BACKGROUND: Multiple-drug therapy for tuberculosis (TB) and TB-associated co-morbidity increase the likelihood of drug-drug interactions (DDIs). Inhibition of membrane transporters is an important mechanism underlying DDIs. In this study, we assessed the in vitro inhibitory potential of currently used first and second-line TB drugs and of proposed mycobacterial efflux pump inhibitors (EPIs) on the major ABC transporters relevant to drug transport, namely P-gp, BCRP, BSEP and MRP1-5. METHODS: Membrane vesicles isolated from transporter-overexpressing HEK293 cells were used to study the inhibitory action of TB drugs and EPIs on the transport of model substrates [(3)H]-NMQ (P-gp); [(3)H]-E1S (BCRP); [(3)H]-TCA (BSEP); [(3)H]-E217βG (MRP1, 3 and 4) and [(3)H]-MTX (MRP2 and 5).
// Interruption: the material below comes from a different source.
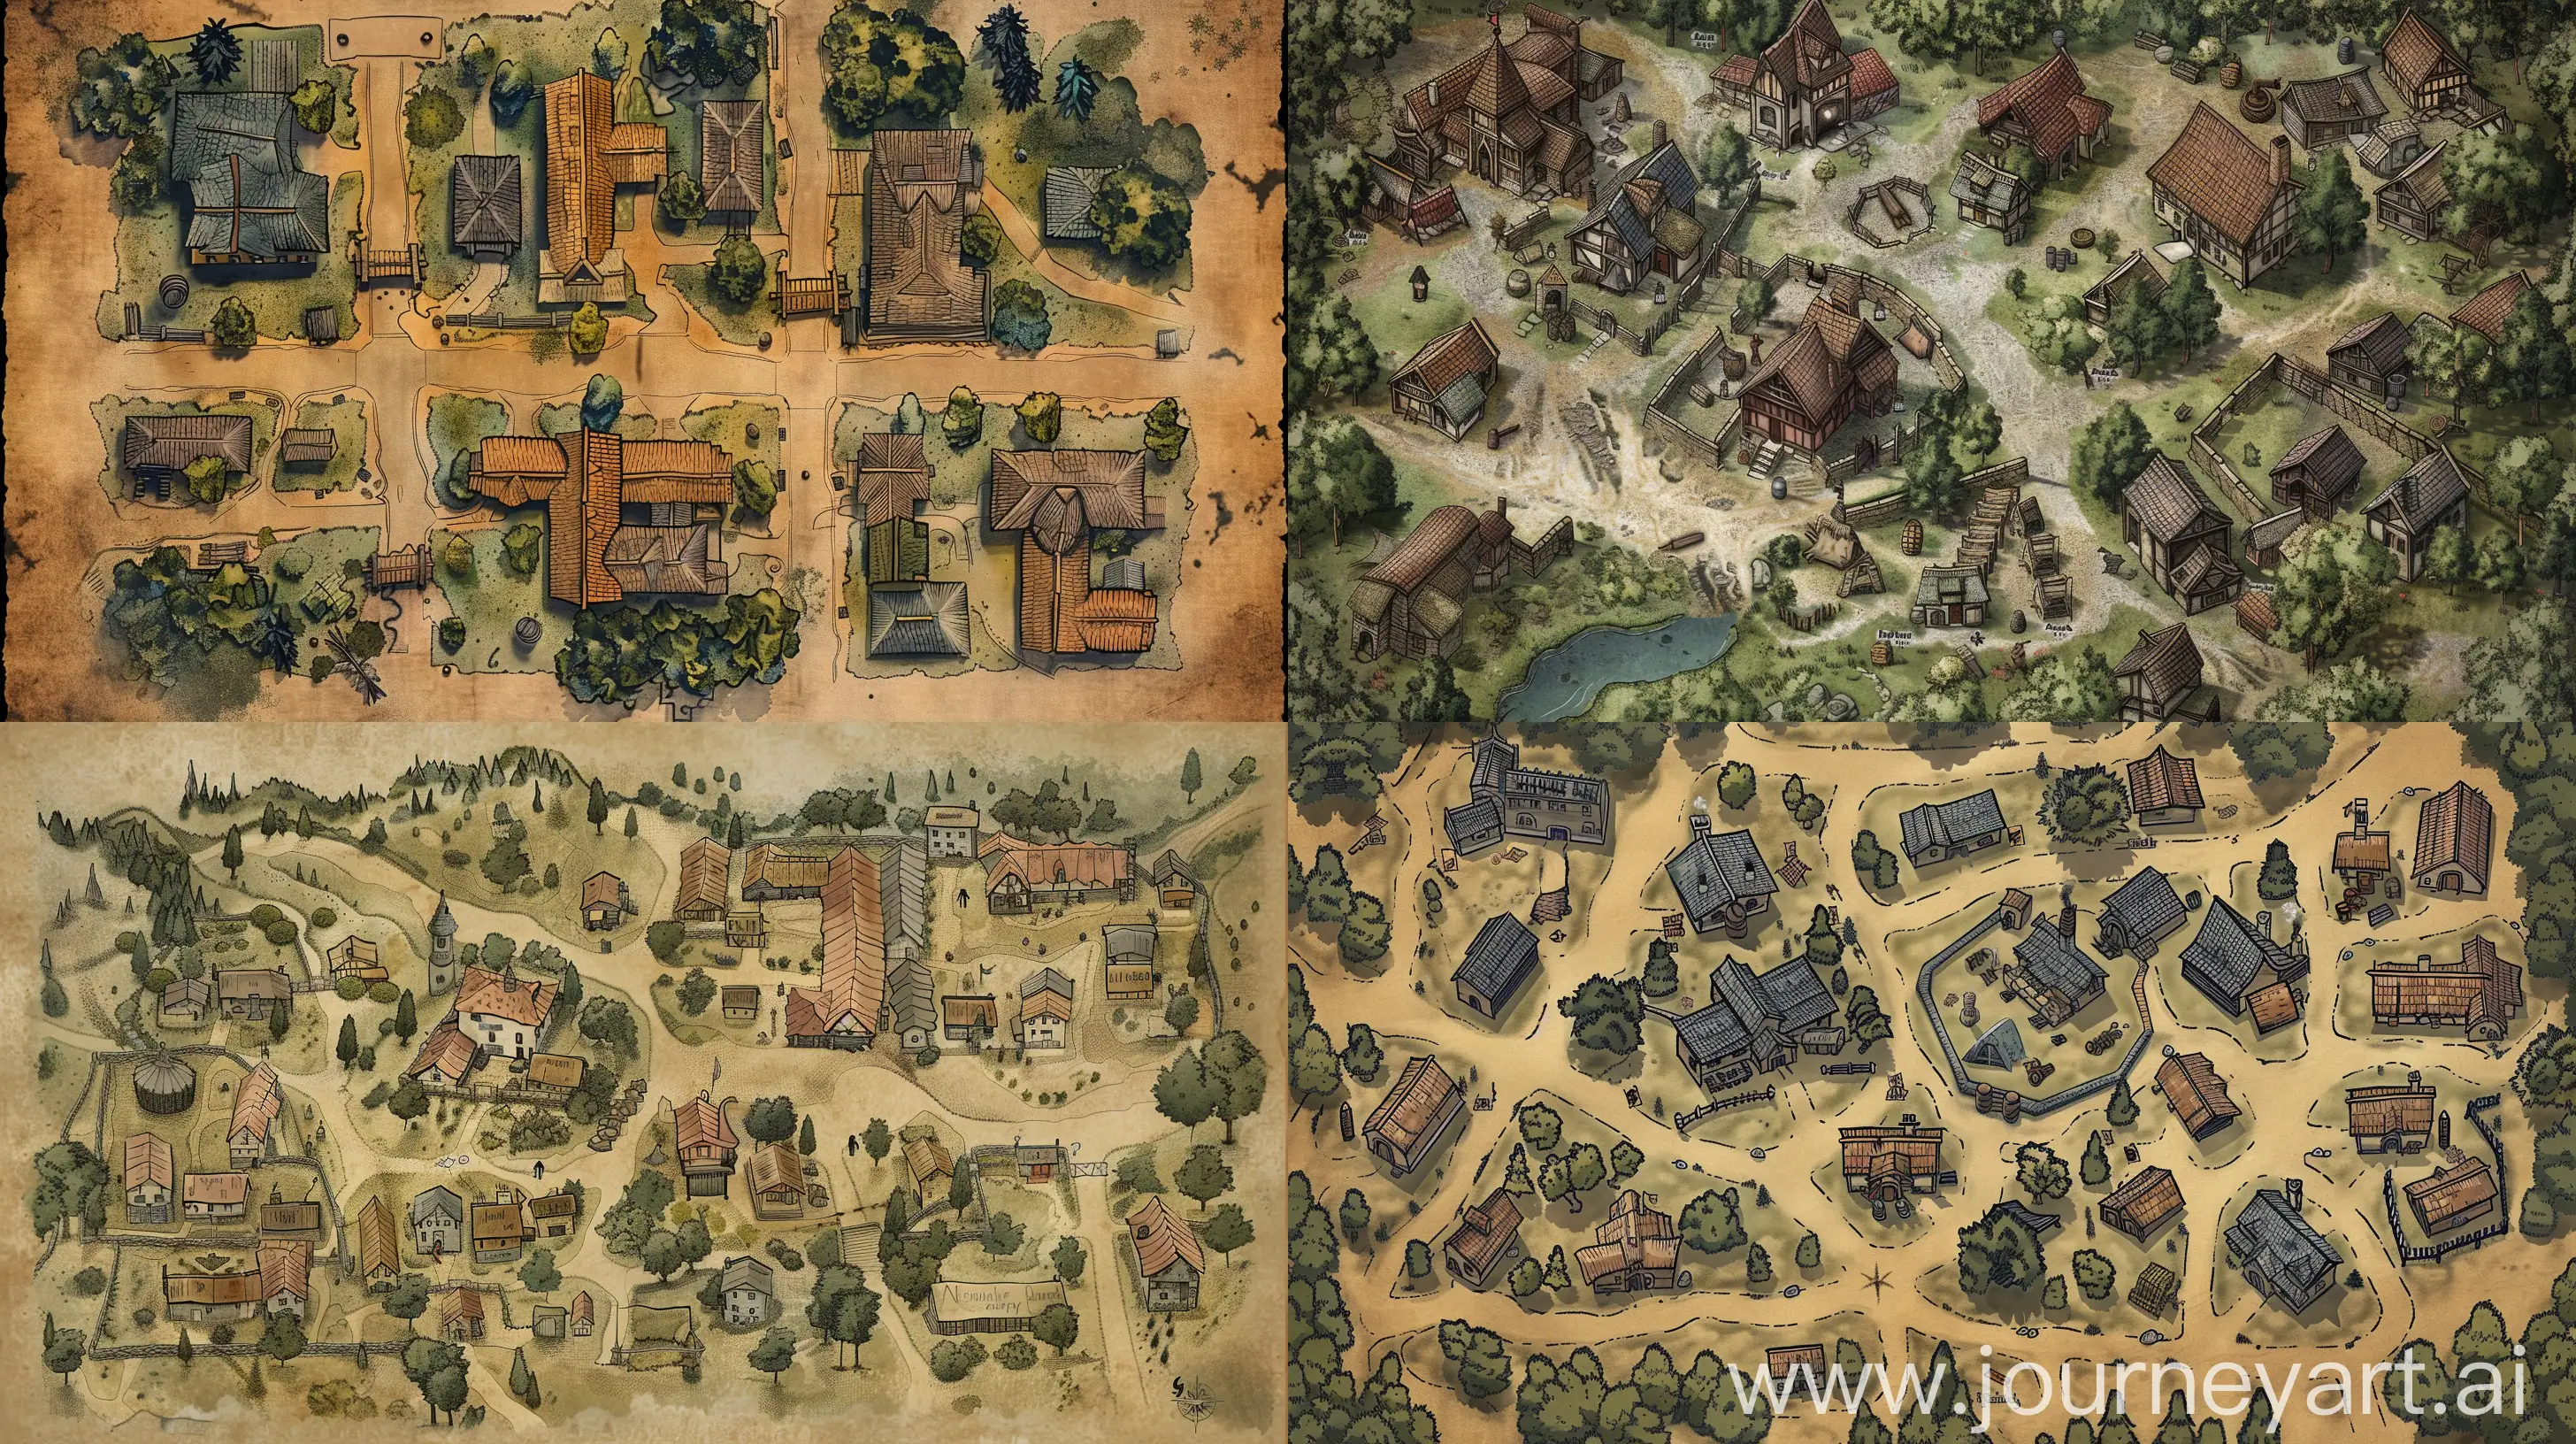 a map of the small village for playing D&D:: blueprint::1 ancient::1 caravaggio::1 rembrandt::1 gray::2 cardboard::3 --v 6 --ar 16:9

RESULTS: A strong inhibition (IC50 value <15 μM) was observed for clofazimine (P-gp, BCRP and MRP1), thioridazine (BCRP), timcodar (P-gp, BSEP and MRP1) and SQ109 (P-gp and BCRP). Rifampicin inhibited all transporters, but less potently. CONCLUSIONS: Co-administration of clofazimine, thioridazine, timcodar, SQ109 and possibly rifampicin with drugs that are substrates for the inhibited transporters may lead to DDIs. The mycobacterial EPIs potently inhibited a wider range of human ABC transporters than previously reported. These vesicular transport data are especially valuable considering the current emphasis on development of TB drug regimens.